Based on Theorem 2, we can visualize the empirical distributions that correspond to equally probable outcomes. Below are plots of level curves for $H(\cdot)$, $D(\cdot \Vert Q)$, and $H(\cdot) + D(\cdot \Vert Q)$, using $Q = (3/6, 2/6, 1/6)$.

drawHD <- function(q1, q2) {
    pushViewport(viewport(x = 0, w = 0.5, h = 0.5, just = c("left", "bottom")))
    drawCurves(H, fstr = "H", ds = c(1.5, 1.25, 1))
    pushViewport(viewport(x = 0.5, w = 0.5, h = 0.5, just = c("left", "bottom")))
    drawCurves(D, q1 = q1, q2 = q2, fstr = "D", ds = c(0.1, 0.3, 0.5))

png("Q1.png", height = 700, width = 700)
drawHD(1/2, 1/3)
pushViewport(viewport(x = 0.25, y = 0, w = 0.5, h = 0.5,
             just = c("left", "bottom")))
drawCurves(HplusD, q1 = 1/2, q2 = 1/3, fstr = "H+D", ds = c(1.2, 1.6, 2))

entropy and relative entropies for Q1

Note that lower values of $H+D$ correspond to exponentially higher probabilities. We should not be surprised to see that the level curves are line segments, because $H(P) + D(P \, \Vert Q)$ simplifies to

\begin{align*} p_1 \log \frac{1}{q_1} + p_2 \log \frac{1}{q_2} + p_3 \log \frac{1}{q_3} \end{align*}

a linear combination of the components of $P$. Its level sets are represented by 2-dimensional planes in $\R^3$. A subset of these planes intersect the probability simplex, and those intersections form line segments.

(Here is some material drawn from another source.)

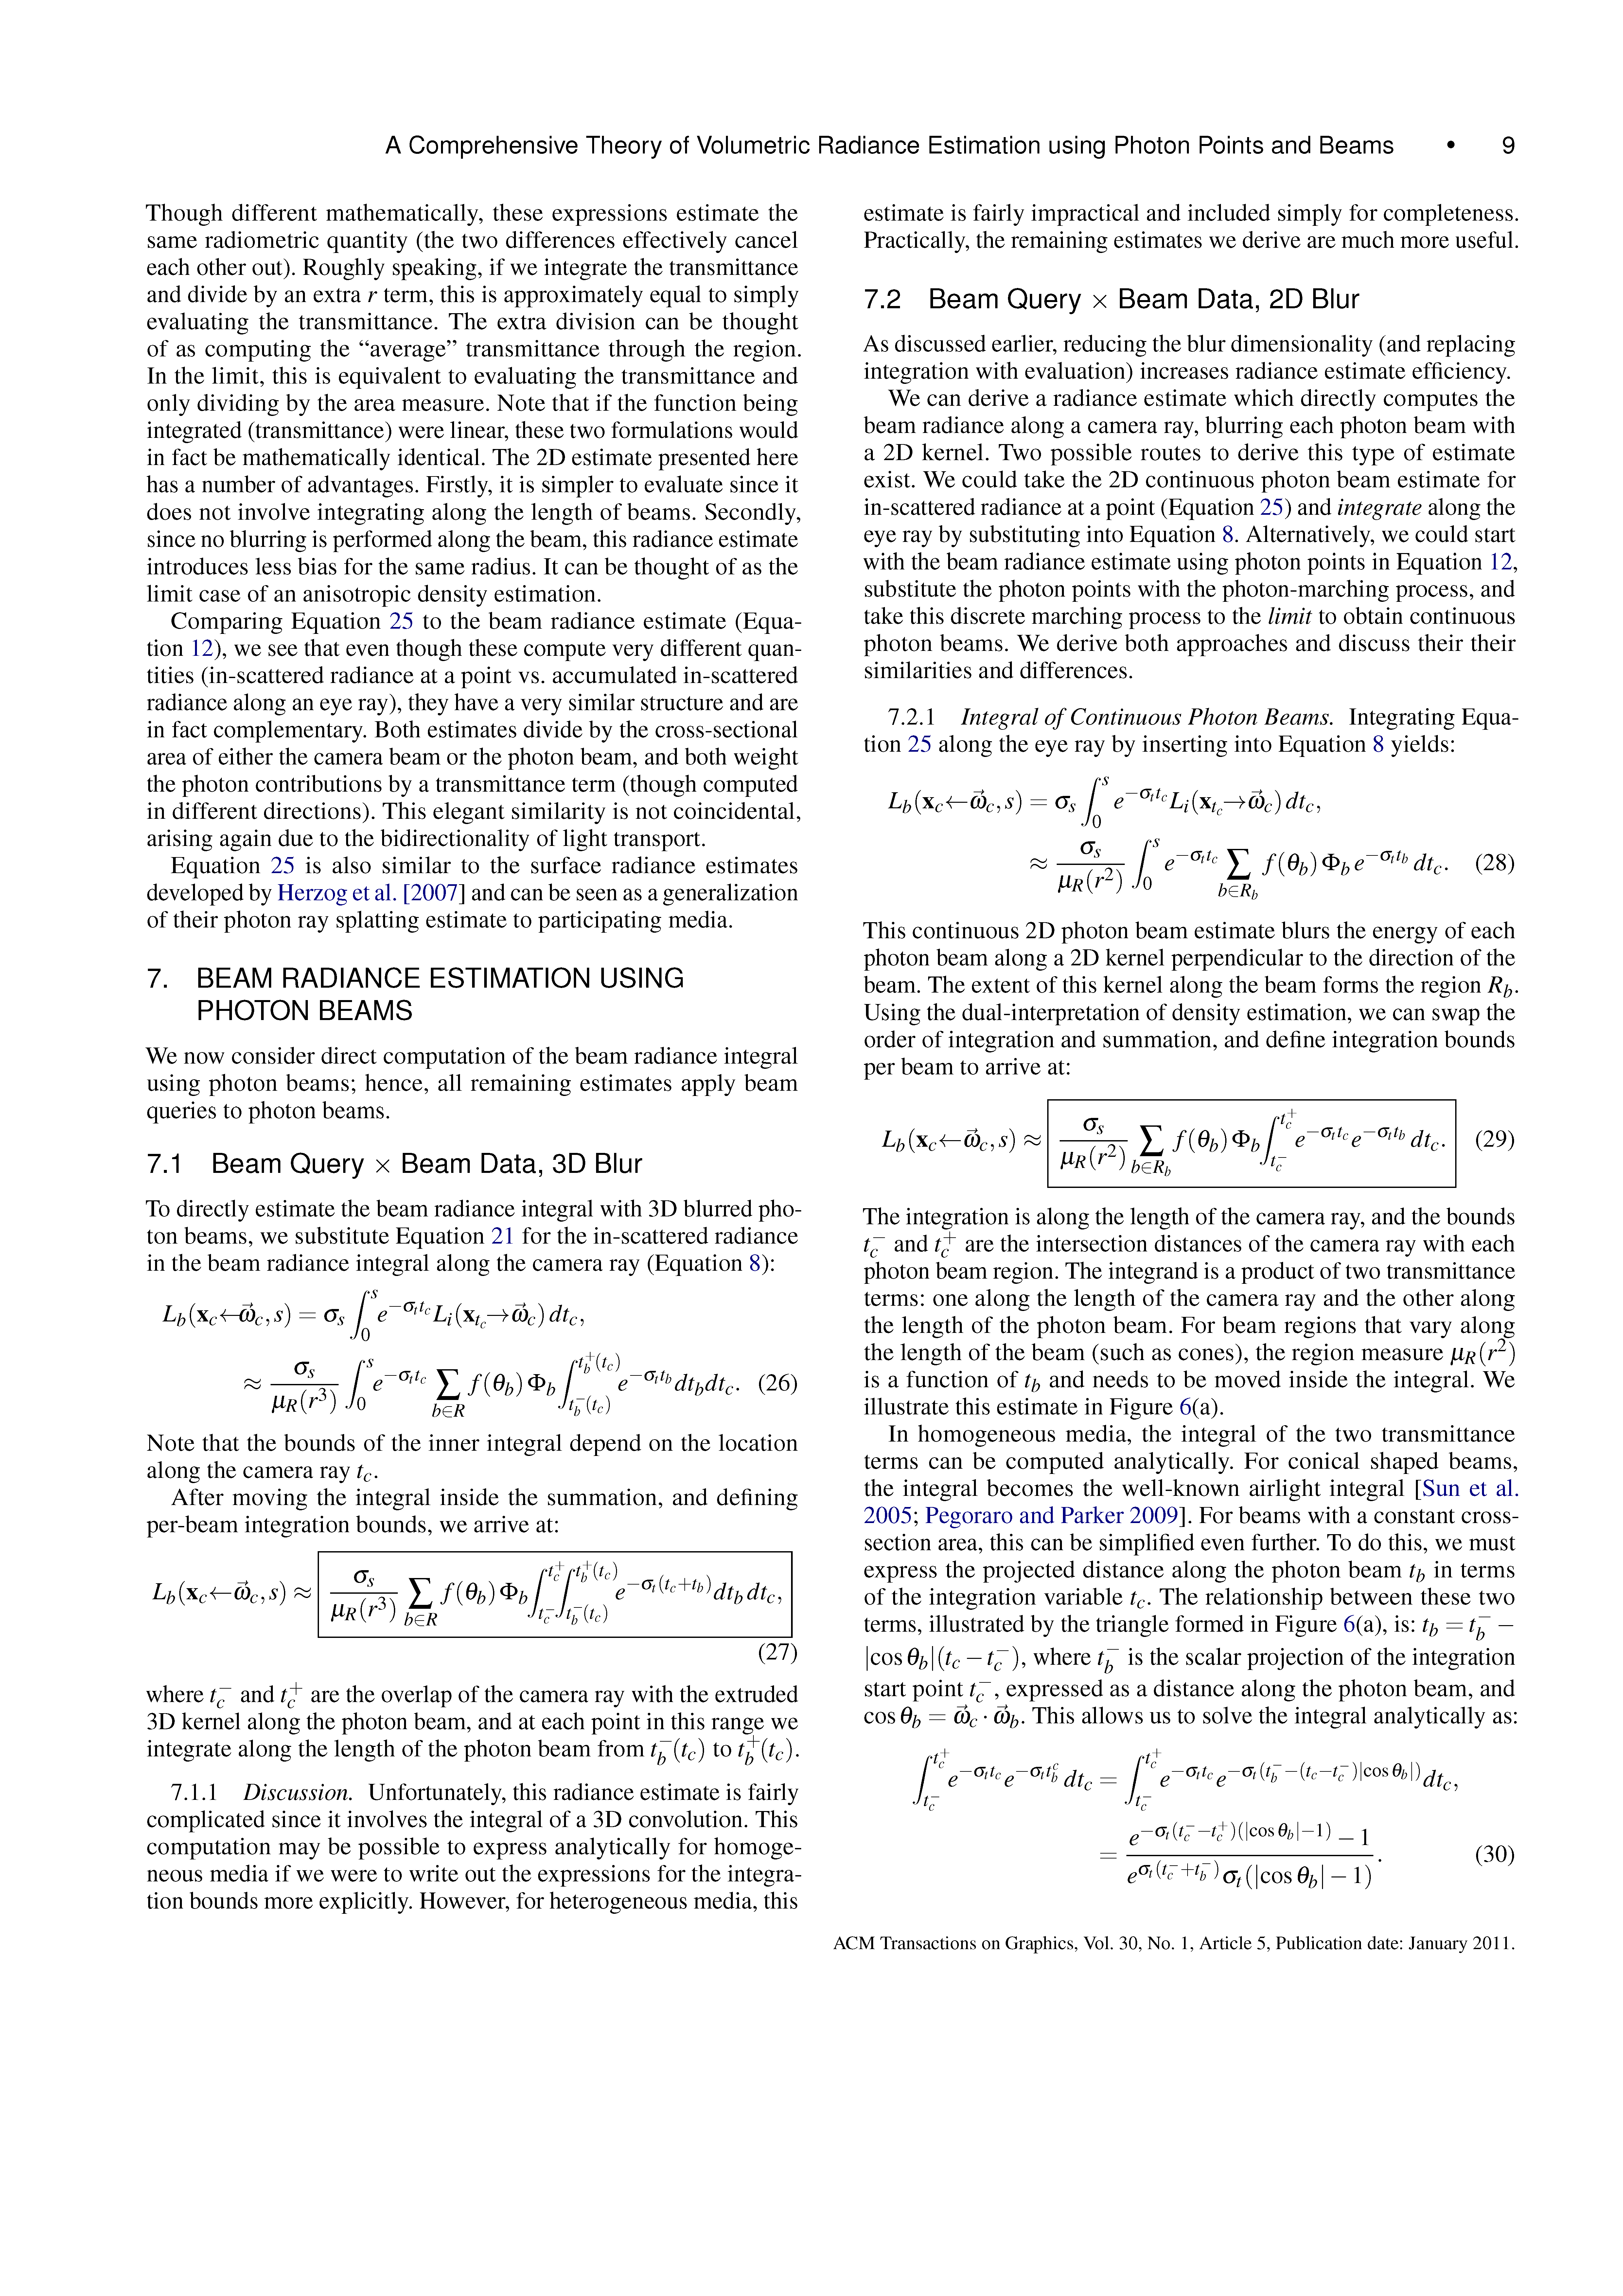 A Comprehensive Theory of Volumetric Radiance Estimation Using Photon Points and Beams Page 9

Also, notice that in the $Q=(1/3,1/3,1/3)$ case, this expression is equal to $\log 3$ for all $P$. The level curves for this case are plotted below.

png("Q2.png", height = 700, width = 700)
drawHD(1/3, 1/3)
pushViewport(viewport(x = 0.25, y = 0, w = 0.5, h = 0.5,
             just = c("left", "bottom")))
pushViewport(viewport(w = unit(10, "cm"), h = unit(10 * sqrt(3)/2, "cm")))
grid.polygon(x = c(0, 1, 0.5), y = c(0, 0, 1), gp = gpar(fill = 3))
grid.text("Level Curves of H+D", 0.5, 1.13, gp = gpar(fontsize = 20))
grid.text("Q", simplexTransform(1/3, 1/3), 1/3, default.units = "native",
          gp = gpar(col = 2))
grid.text("H+D=1.585 everywhere", 0.5, 0.22, gp = gpar(col = 4, fontsize = 10))

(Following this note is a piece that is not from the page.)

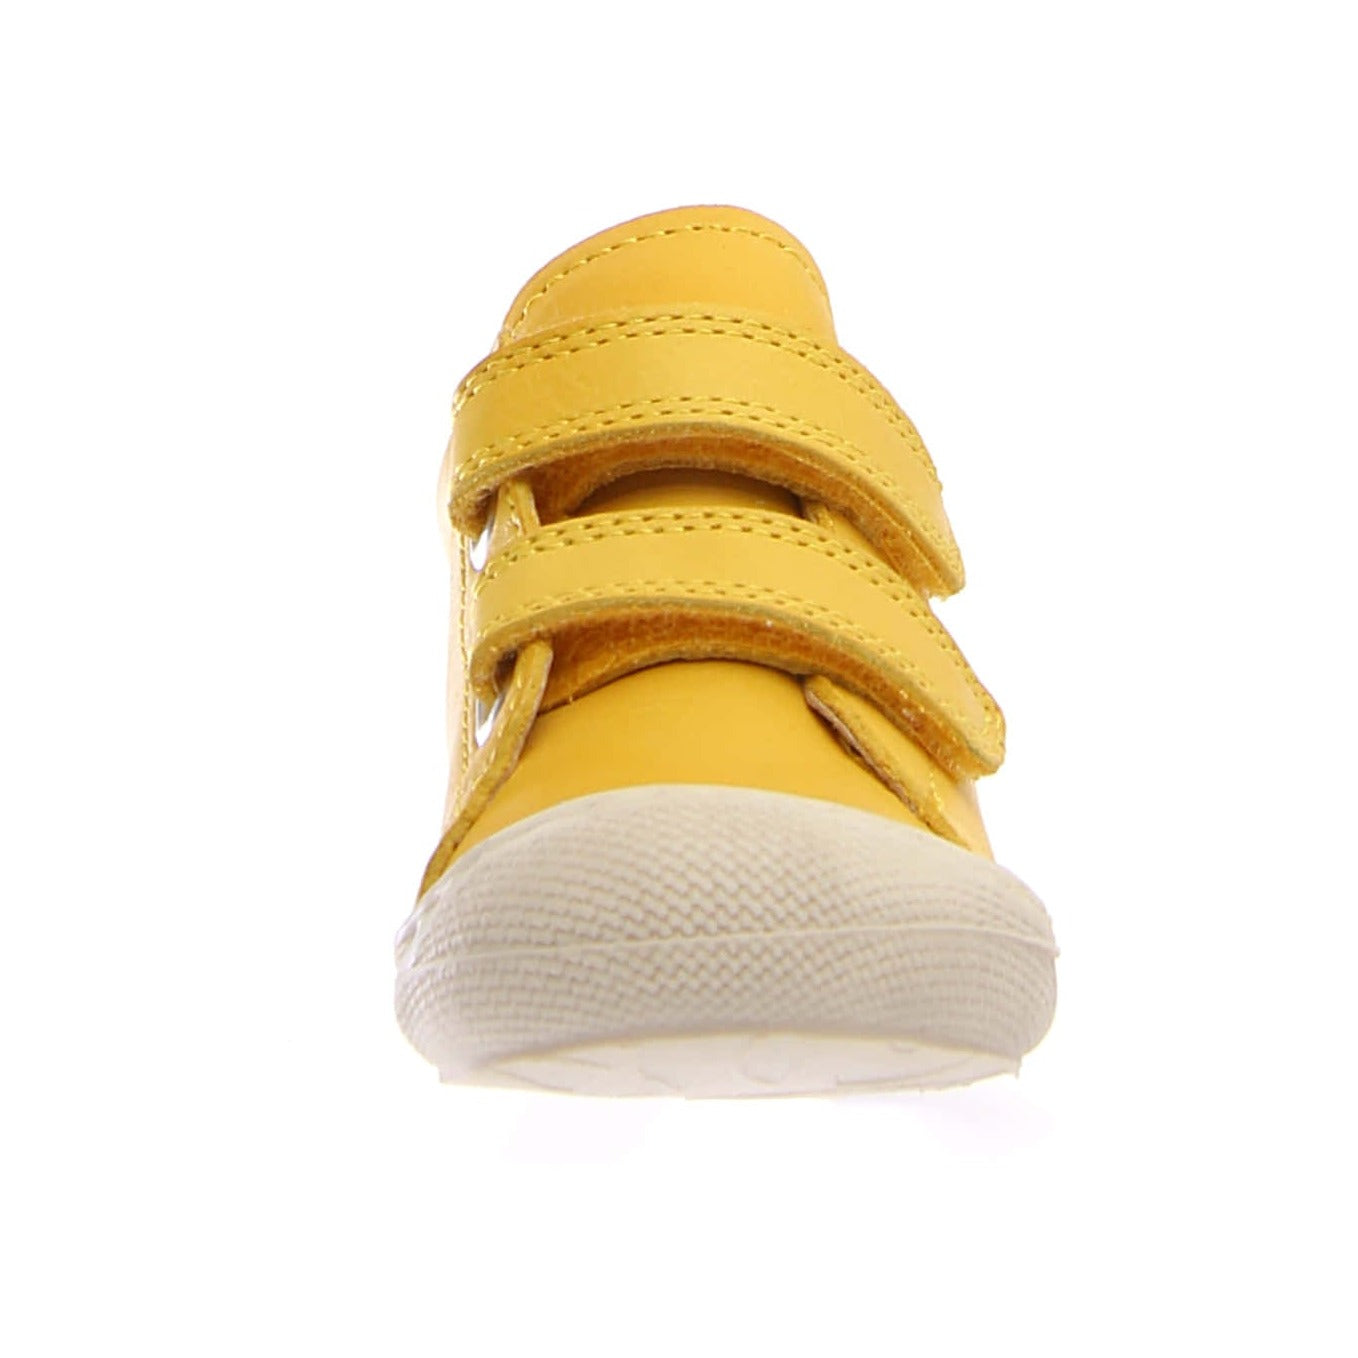 Naturino Cocoon VL - Nappa Leather First Step Shoes - Yellow

entropy and relative entropies for Q2

Theorem 3

The number of outcomes in the type class of $P$ is bounded by $2^{n H(P)}$.


The number of outcomes in any type class has nothing to do with the true distribution $Q$. Therefore, without loss of generality, let us assume that $P = Q$ so that $D(P \, \Vert Q)=0$. By Theorem 2, the probability of each outcome is $2^{-n H(P)}$. If the number of outcomes in the class were greater than $2^{n H(P)}$, then the total probability of that class would be greater than 1 which is a contradiction. $\square$

In fact, C&T show the stronger result that the number of outcomes in $T(P)$ is approximately $2^{n H(P)}$ for large $n$. The entropy level curves plotted above can give us an idea how many outcomes there are at various points in the simplex.

Theorem 4

The probability that $\Px$ equals $P$ is bounded by $2^{-n D(P \, \Vert Q)}$.


Each outcome in the type class is equally probable. Therefore, the probability that an outcome in the class occurs is simply the product of the probability of each outcome in $T(P)$ and the number of outcomes in $T(P)$. Theorem 2 tells us that the probability of each outcome is $2^{-n (H(P) + D(P \, \Vert Q))}$. Theorem 3 bounds the number of outcomes by $2^{n H(P)}$. Therefore, the total probability is bounded by the product of these, which simplifies to $2^{-n D(P \, \Vert Q)}$. $\square$

Again, C&T show the stronger result that the probability that $\Px$ equals $P$ is approximately $2^{-n D(P \, \Vert Q)}$ for large $n$. The level curves of relatively entropy plotted above show us about how probable different regions of the simplex are.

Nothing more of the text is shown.